When you take your child to any of Hartford’s four city pools, you’ll now have an extra set of eyes.

Surveillance cameras have been installed at the pools. The hope is to help combat another problem officers see throughout the summer months. The problem is kids are sneaking in after hours, jumping the fence and getting into the pools.

But what the surveillance cameras really hope to prevent is a drowning while no one is watching.

Surveillance video of teens sneaking into Pope Park pool in Hartford after-hours shows a group somehow getting inside the pool area and jumping in the water.

It’s something Shanchia Gabriel has seen for herself.

“A bunch of kids in the pool and it was after hours and there was no one here and I’m like who do you call with a situation like that,” said Gabriel.

The answer? Police. In fact, police are getting calls about a dozen times a week about incidents like this.

“That is the definitely that’s just kids having fun – at the same time at this very pool about 10 years ago, we did have a drowning of a 12-year-old so it was very sad for the entire city, for the entire community was impacted by it,” said Deputy Chief Brian Foley of the Hartford Police Department.

Police don’t want that to ever happen again.

So now, Hartford’s four public pools – at Goodwin, Keeney, Colt and Pope Park – are equipped with surveillance cameras, installed last week. If anyone trespasses, it automatically alerts the dispatch center.

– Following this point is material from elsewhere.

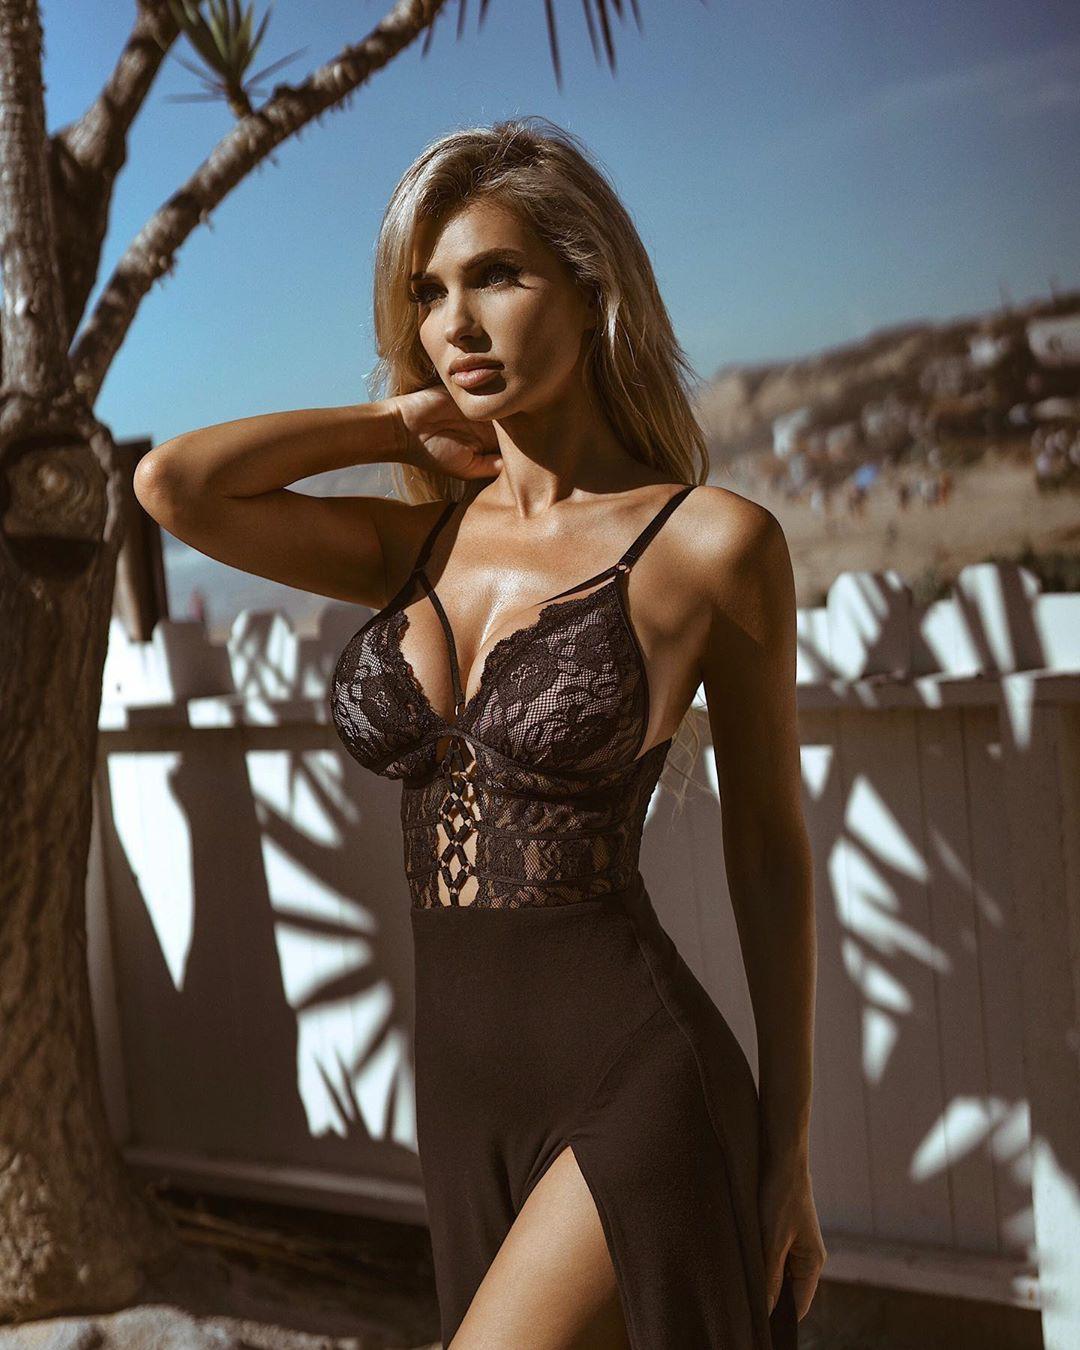 Leanna Bartlett lingerie, dress colour outfit, photoshoot poses

“It’s a silent alarm,” Foley explained. “So the dispatchers when they hear an alarm, if they want to, they can actually look at the pools themselves and let the officers who are arriving know what’s going on.”

For Gabriel, the hope is the new surveillance camera system will prevent an accident.

“I would hate to get the phone call that you know your child has drowned and there’s nothing that could’ve been done,” said Gabriel.

And there are about four to five cameras installed at each of the city’s pools.